Based in that experience, Mallach these days reminds local governments and neighborhood development groups not all investors are enemies, despite their reputations. Communities can both encourage investors as partners in buying and fixing up bank-owned houses – and warn them they’ll come down hard if they sink too far into speculation. And there are more encouraging signs at the local level. As Philadelphia, and some other cities have found, mandatory face-to-face foreclosure mediation between borrowers and servicers has proven to help avoid foreclosures, without dragging out the process.
A combination of these kinds of ideas – smaller scale, targeted to the needs of particular markets – may a quicker and more effective blueprint for tackling the crisis, especially in the absence of an aggressive government approach.
“Maybe we’re coming to the realization that we can’t loan mod our way out of this,” Mallach said. “There’s no magic solution. There’s no government riding in on a white horse to buy up all the bad assets.”
The wild card
Congress and the administration, in fact, haven’t exactly come up with anything “radical and bold” yet to tackle the crisis – and it’s unlikely they will turn around and do so now. Instead, Mallach noted, Realtors, the real estate industry, and some economists are spending unnecessary time and energy trying to declare a bottom to the crisis and look for any evidence of good news. It’s a great time to buy a house, they insist.
But there are still 9 million foreclosures expected by 2012, according to the Center for Responsible Lending. Goldman Sachs estimates 13 million foreclosures on all types of loans by 2014. And a continuing decline in home prices for the majority of housing markets is predicted for at least the next two years, says a report by mortgage insurer PMI.
As Malllach noted, policies to encourage renting are one option to counter all this. Even with all their limitations, loan modifications could be another. It’s “a really crucial time” to jumpstart them right now, said Cleveland State’s Kathleen Engel. Servicers finally have gotten fully staffed and up to speed, after a slow start. Clearing away potential tax liabilities for trusts due to aggressive loan modifications could help, she said. So could ratcheting up the pressure on lenders and servicers alike to complete more of them.

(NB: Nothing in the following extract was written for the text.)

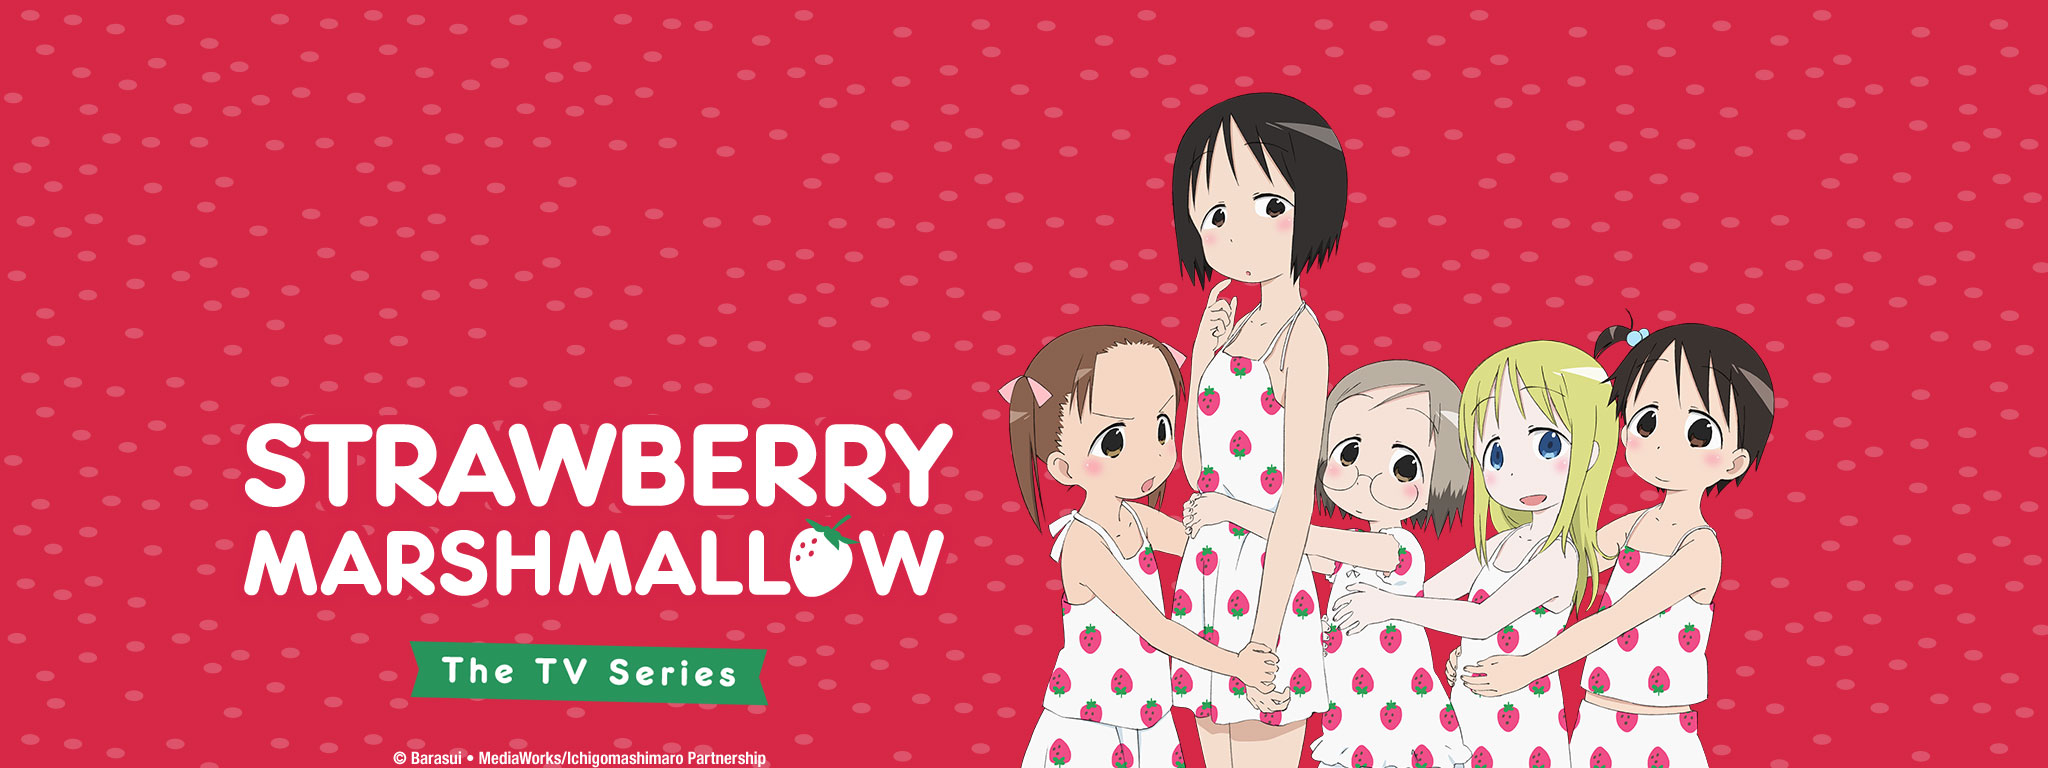 Title Art for Strawberry Marshmallow

But challenges remain. REOs are driving away other sales, keeping downward pressure on home prices, Mallach noted. Stronger markets that have been immune so far to plunging home prices, such as New York City, New Jersey, and the Philadelphia suburbs, still remain at high risk for a downward spiral. Frustration keeps growing over a lack of progress in anything being done to stem foreclosures, creating anger in neighborhoods, and even a movement to put squatters in vacant homes.

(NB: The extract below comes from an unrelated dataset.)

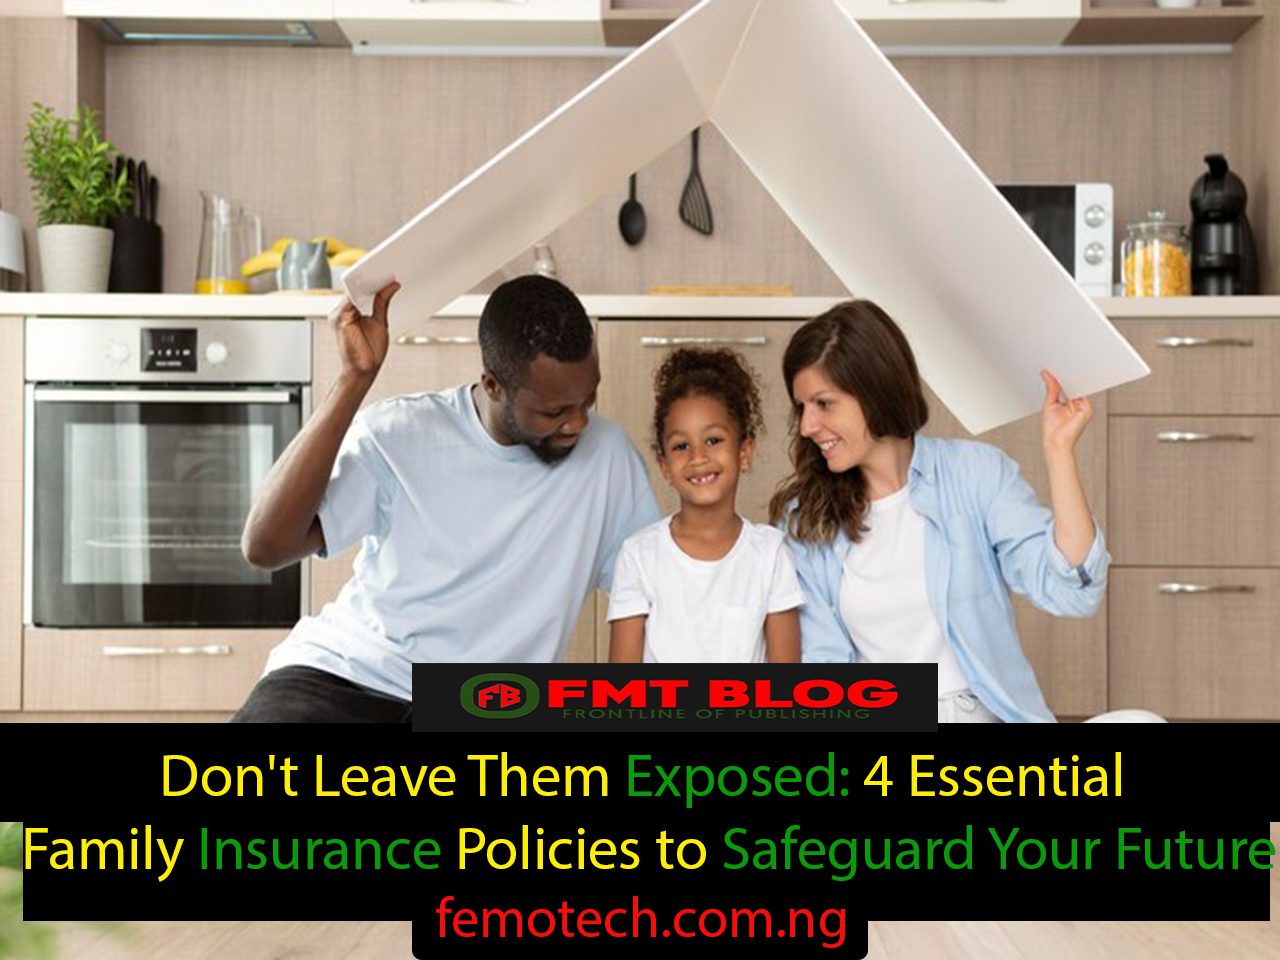 Don’t Leave Them Exposed: 5 Essential Family Insurance Policies to Safeguard Your Future

Beyond that, underwater homeowners remain a huge wild card, with the chance that a significant number of them will stop paying their mortgages in the near future clouding any hope for a quick recovery.
When it comes to the foreclosure machine, things are probably even worse than they seem. That’s a starting point for any strategy to challenge a housing crisis isn’t ending anytime soon.
Mary Kane is an economy reporter for the Washington Independent.